Neste sentido, o pensamento do filho de judeus de tradição sefardita, publicado em Portugal através de mais de quarenta títulos, acentua «a necessidade de redescobrir, entre nós e nas nossas cidades, um espírito de solidariedade, convivialidade e fraternidade, favorecendo atitudes de acolhimento e de abertura».
O Card. Parolin destaca igualmente os múltiplos «pontos de contacto» entre o pensamento do filósofo e o ensinamento de Francisco, que conserva «a feliz recordação» do encontro entre ambos, a 27 de junho de 2019, e o «entusiasmo» com que aderiu ao Pacto Global para a Educação lançado pelo papa em 2020.

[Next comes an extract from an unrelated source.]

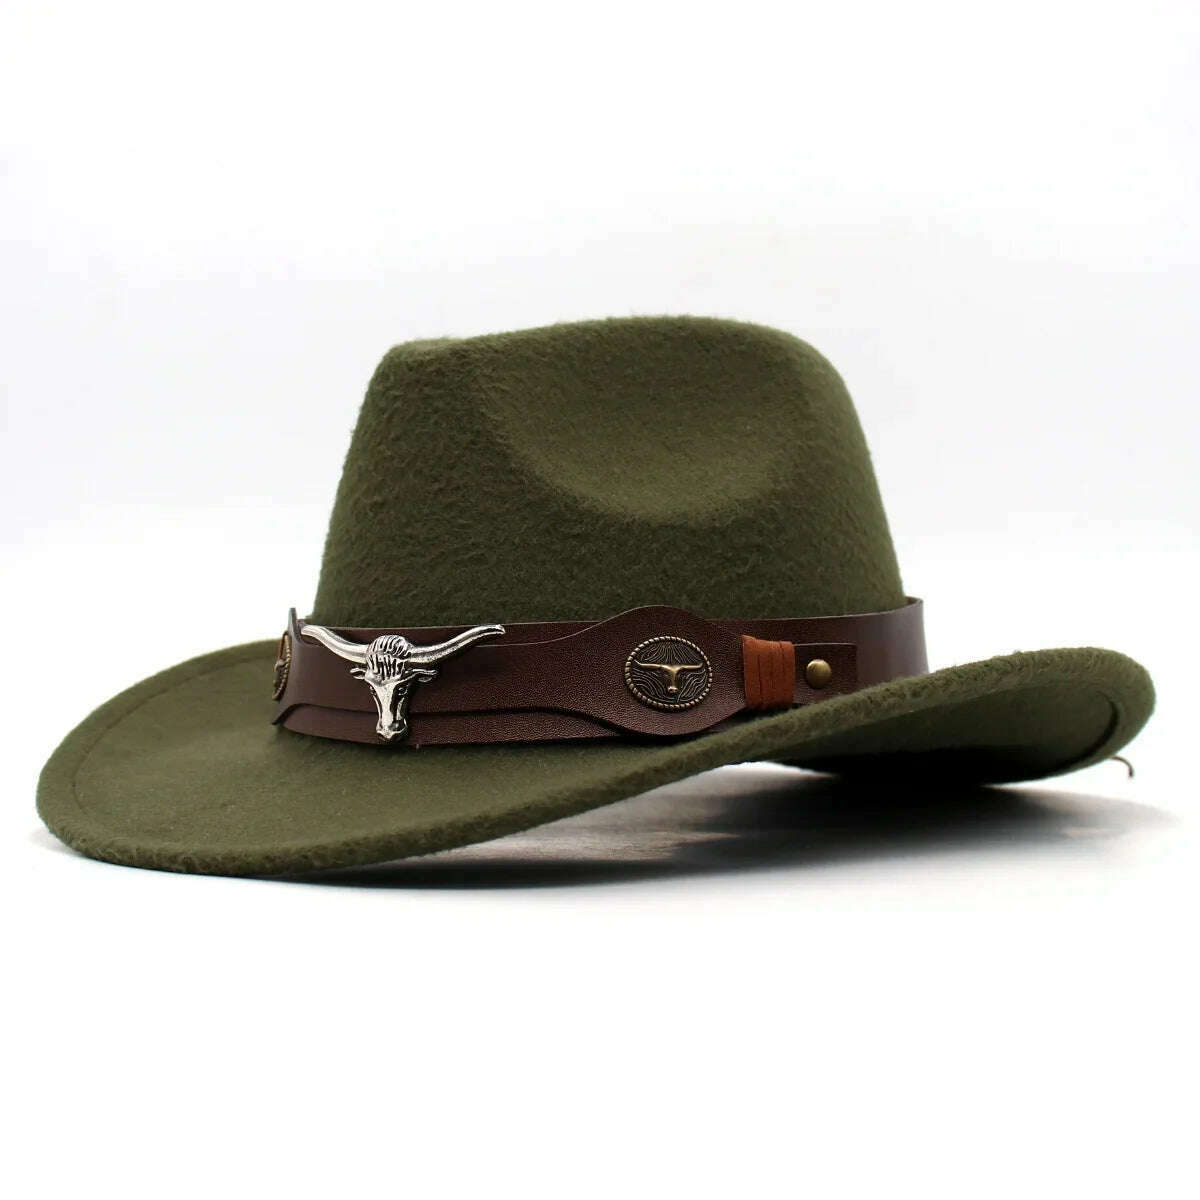 KIMLUD, Western Cowboy Black Hat With Bull Decor Classic Wide Brim Jazz Imitation Wool Hats For Women Felt Hats With Cow Head Knight Hat, Green ZongNT / S(52-54cm Child), KIMLUD Women's Clothes
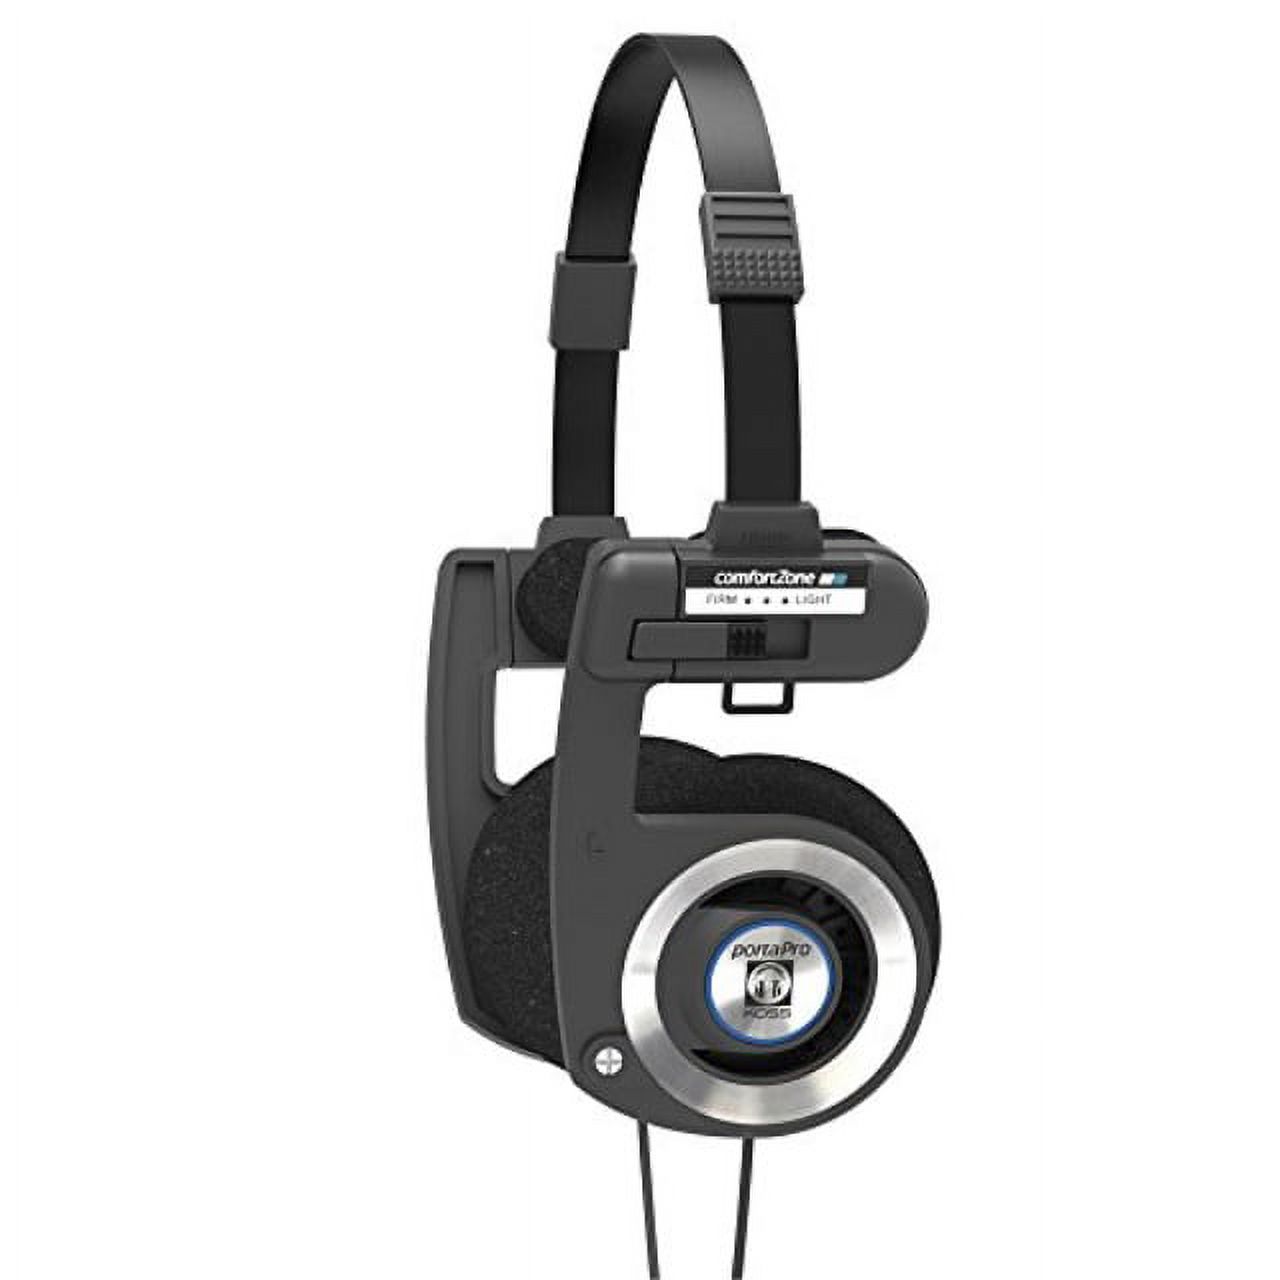 Koss Porta Pro Black On Ear Headphones with Case Black - image 1 of 2

Na mensagem enviada por ocasião de uma mesa-redonda dedicada pela UNESCO a Edgar Morin, o secretário de Estado salienta o apoio do investigador a um avanço tecnológico acompanhado pelo avanço moral – o conceito de «ciência com consciência», título de um dos seus livros - e agradece os «esforços que realizou durante a sua vida ao serviço de um mundo melhor».
O Card. Tolentino lembra, na crónica semanal que assina no semanário “Expresso”, que a morte de mãe de Morin, aos 10 anos, fê-lo «mergulhar numa experiência de luto, que de certa maneira moldará o que se torna um posicionamento mental, oscilante entre uma inquietação sem fim e uma esperança irreprimível».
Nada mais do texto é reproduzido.